Consumer Financial Well-Being: Does Scale Choice Alter the Measure?

General Information

Consumer Financial Well-Being: Does Scale Choice Alter the Measure?
Patrick Heck, Caroline Ratcliffe, Elle Tibbitts
Publication Type
Working paper
Consumer Financial Protection Bureau Office of Research
A crucial first step in helping consumers improve their financial lives is understanding their financial circumstances and well-being. The Consumer Financial Protection Bureau’s Financial Well-Being (FWB) scale measures a consumer’s subjective well-being related to financial aspects of their lives. This scale is offered in a standard-length 10-item version and an abbreviated 5-item version, but no research has directly compared how completing either version may alter consumers’ responses. A notable difference between the 5-item and 10-item scales is that the 5-item scale includes a higher share of reverse coded (i.e., negatively framed) items. We hypothesize that exposure to negatively framed items makes participants feel worse about their financial situation and that completing the 5-item FWB scale will result in more negative responses to FWB-related questions compared to completing the 10-item FWB scale. To test this hypothesis, we implement a randomized experiment using the Understanding America Study—a nationally representative survey of U.S. households. In our survey experiment with nearly 6,000 participants, we find that completing the 5-item versus the 10-item FWB scale causes declines in FWB scores, responses to the individual scale items, and a self-rated measure of FWB. This pattern is particularly evident among lower-income respondents.

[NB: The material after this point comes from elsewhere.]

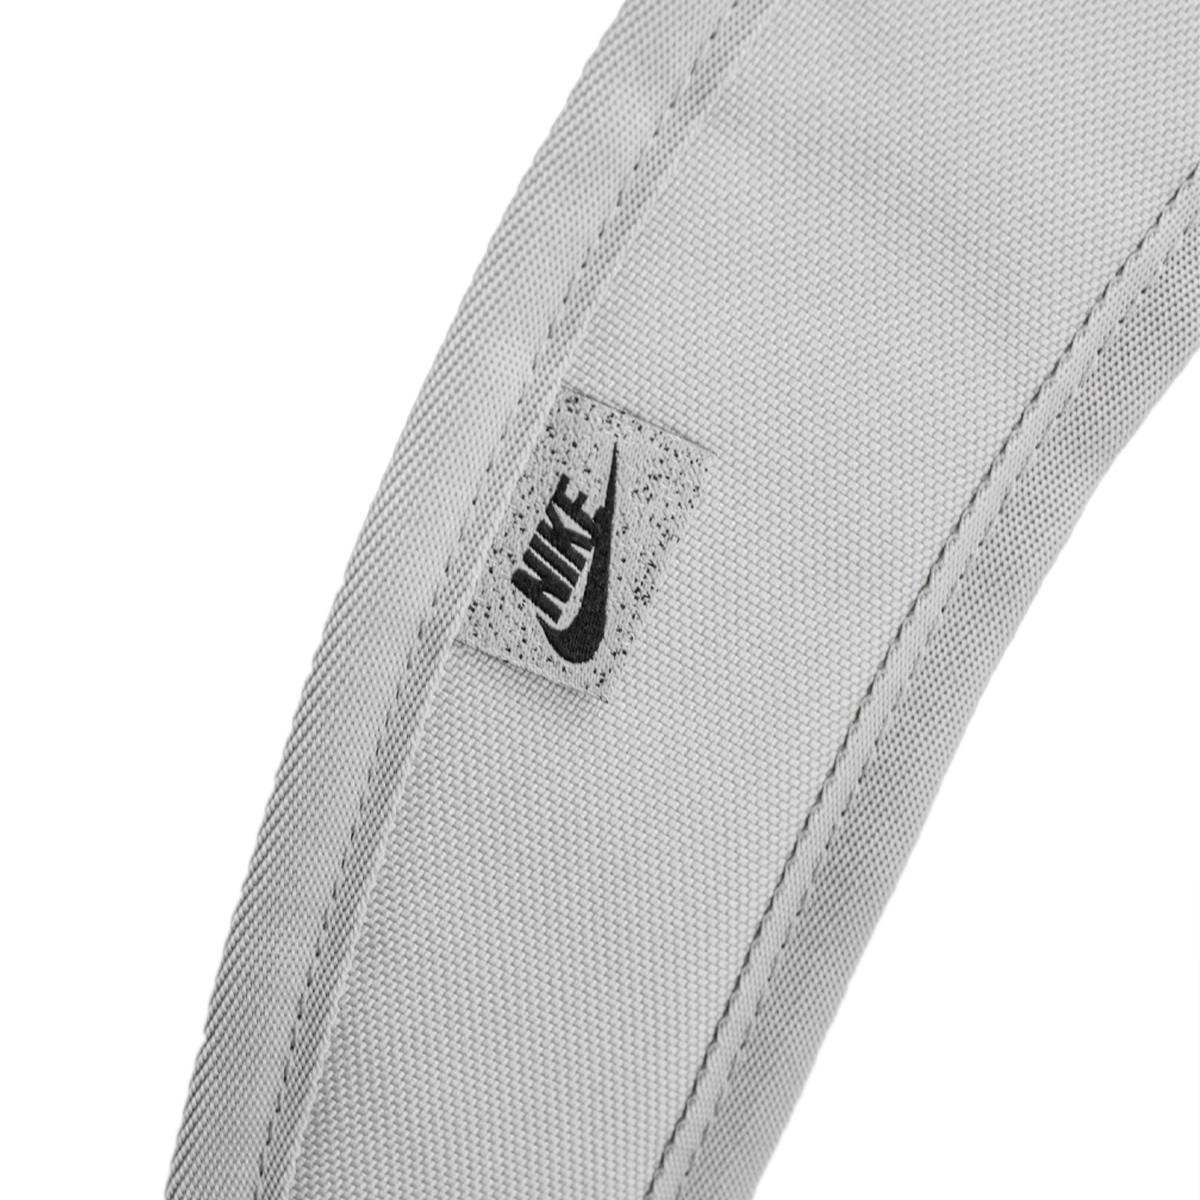 Nike Elemental Rucksack DD0559-012-

These findings highlight that financial well-being measurement choices, namely, the choice of which FWB scale to use, have consequences that researchers and practitioners may not expect or desire. Our research contributes to the topic of scale construction more broadly by experimentally studying the causal effects of measuring well-being using an established scale that includes a comparatively more negative collection of items. We discuss the implications of these findings for future research on financial well-being and on measurement of well-being more broadly.